Set the namespace and name of your LLMInferenceService (used in the commands below):

MODEL_NS=llm
MODEL_NAME=free-model  # From the Prerequisites deploy; or: kubectl get llminferenceservice -n $MODEL_NS -o jsonpath='{.items[0].metadata.name}'

1. Register Models (MaaSModelRef)

Create a MaaSModelRef for each model you want to expose through MaaS. The MaaSModelRef must be in the same namespace as the LLMInferenceService.
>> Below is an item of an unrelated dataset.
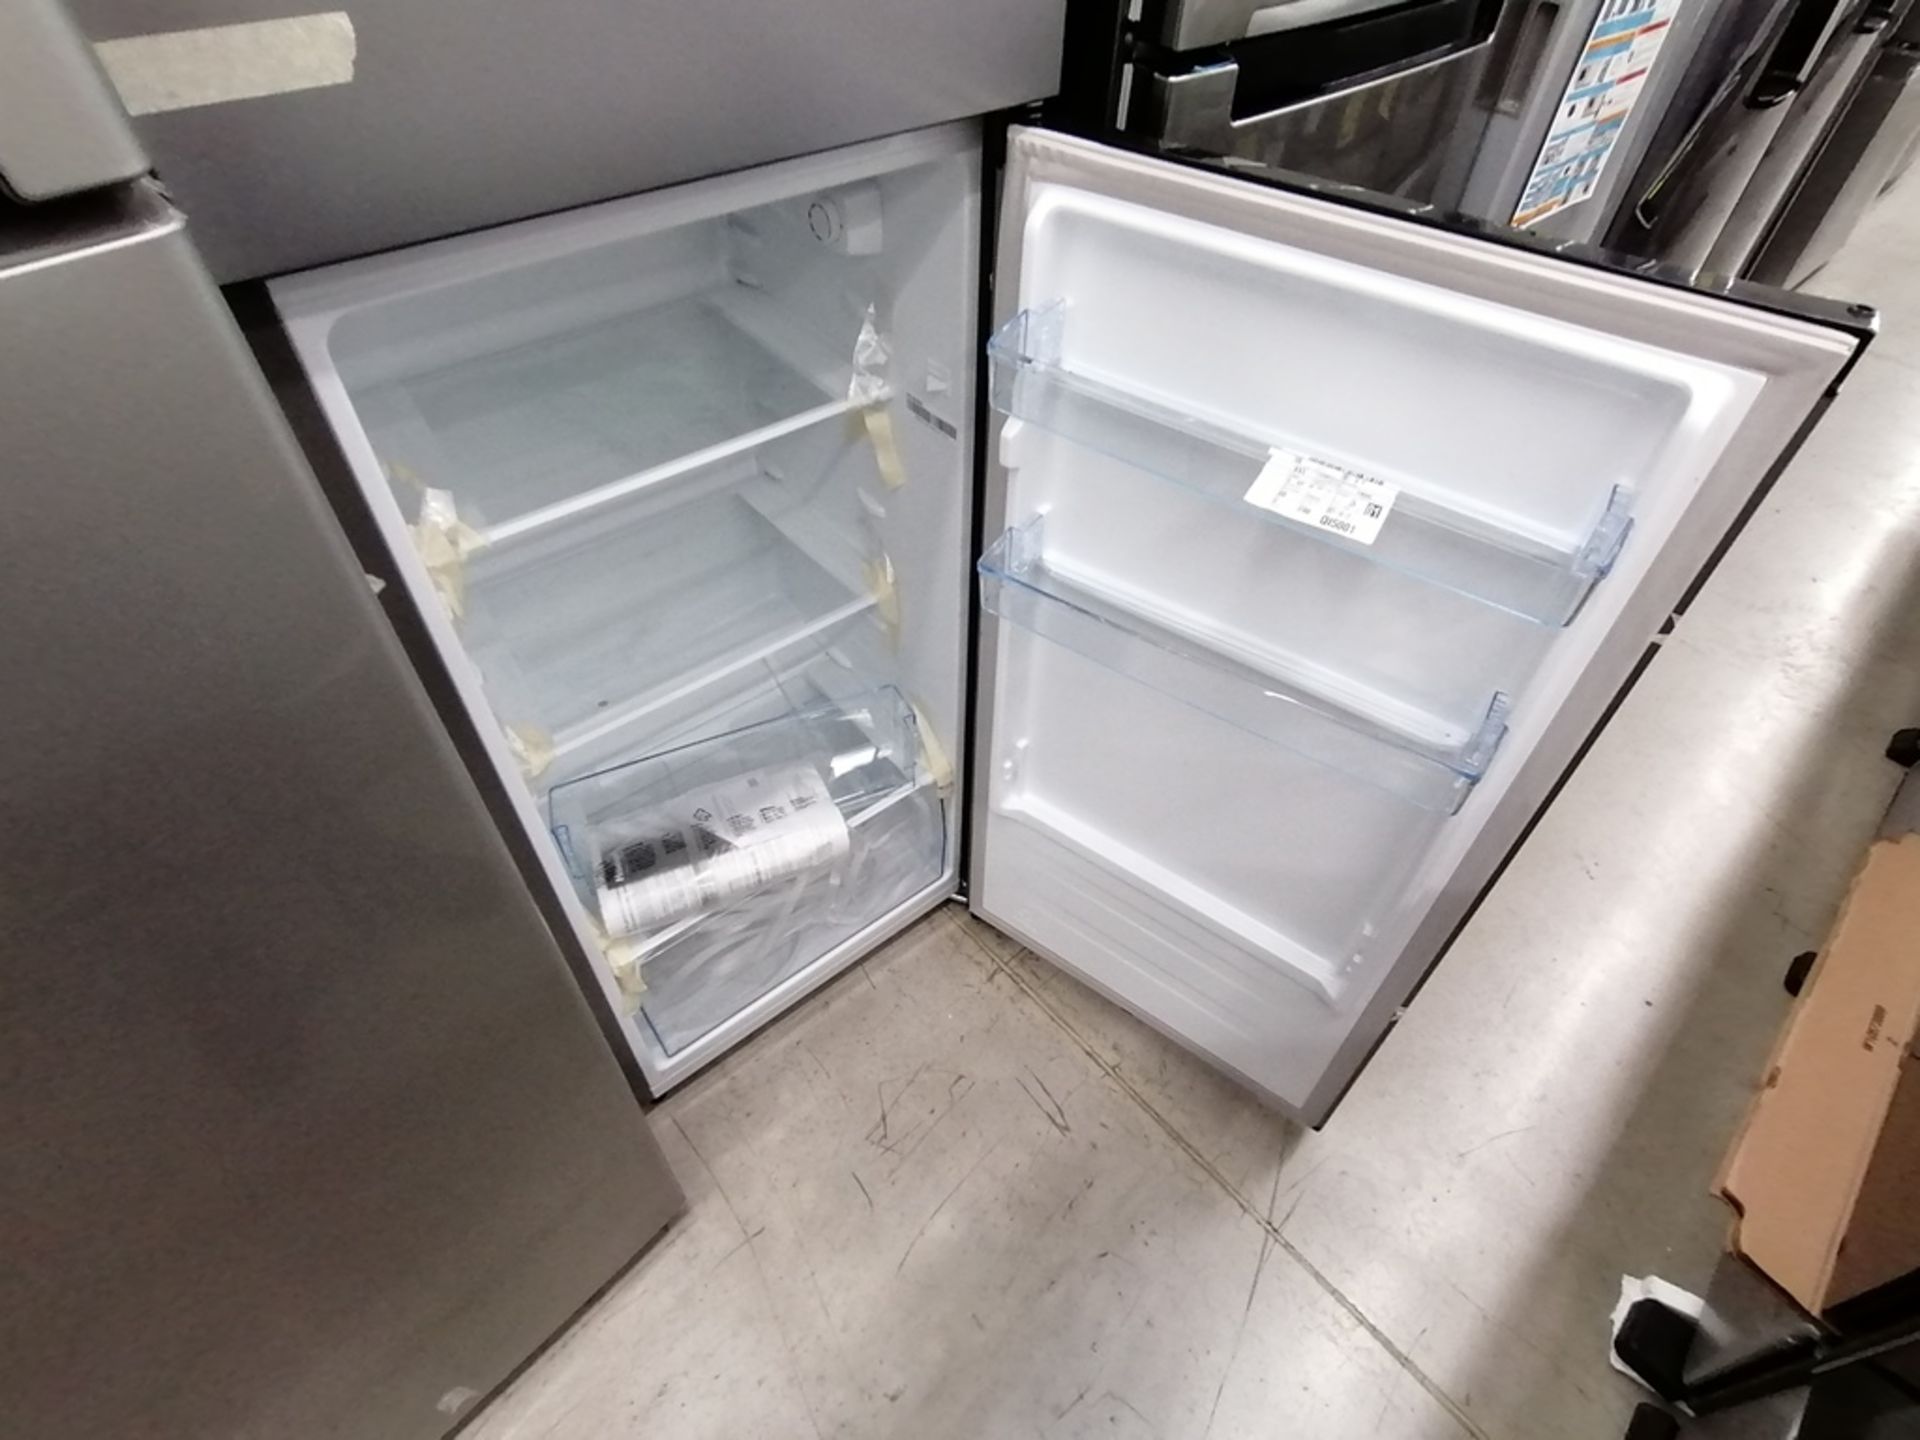 Lote de 2 refrigeradores incluye: 1 Refrigerador, Marca Winia, Modelo DFR25210GN, Serie MR21ZN08401 - Image 14 of 15

The spec.modelRef.name must match the LLMInferenceService name.

kubectl apply -f - <<EOF
apiVersion: maas.opendatahub.io/v1alpha1
kind: MaaSModelRef
metadata:
  name: ${MODEL_NAME}-ref
  namespace: ${MODEL_NS}
spec:
  modelRef:
    kind: LLMInferenceService
    name: ${MODEL_NAME}
EOF

Verify the controller has reconciled and set the endpoint:

kubectl get maasmodelref -n ${MODEL_NS}
# Check status.endpoint and status.phase

2. Grant Access (MaaSAuthPolicy)

Create an MaaSAuthPolicy to define which groups/users can access which models:

kubectl apply -f - <<EOF
# MaaSAuthPolicy must be deployed to the models-as-a-service namespace
apiVersion: maas.opendatahub.io/v1alpha1
kind: MaaSAuthPolicy
metadata:
  name: free-access
  namespace: models-as-a-service
spec:
  modelRefs:
    - name: ${MODEL_NAME}-ref
      namespace: ${MODEL_NS}
  subjects:
    groups:
      - name: free-users
    users: []
EOF

Verify the MaaSAuthPolicy is active (AuthPolicy created and enforced):

# List generated AuthPolicy (may take a moment for controller to reconcile)
kubectl get authpolicy -n ${MODEL_NS} -l maas.opendatahub.io/model=${MODEL_NAME}-ref

# Wait for AuthPolicy to be enforced (re-run if the controller has not reconciled yet)
AUTH_POLICY=$(kubectl get authpolicy -n ${MODEL_NS} -l maas.opendatahub.io/model=${MODEL_NAME}-ref -o jsonpath='{.items[0].metadata.name}')
[[ -n "$AUTH_POLICY" ]] && kubectl wait --for=condition=Enforced=true authpolicy/${AUTH_POLICY} -n ${MODEL_NS} --timeout=120s

Multiple policies per model: You can create multiple MaaSAuthPolicies that reference the same model. The controller aggregates them — a user matching any policy gets access.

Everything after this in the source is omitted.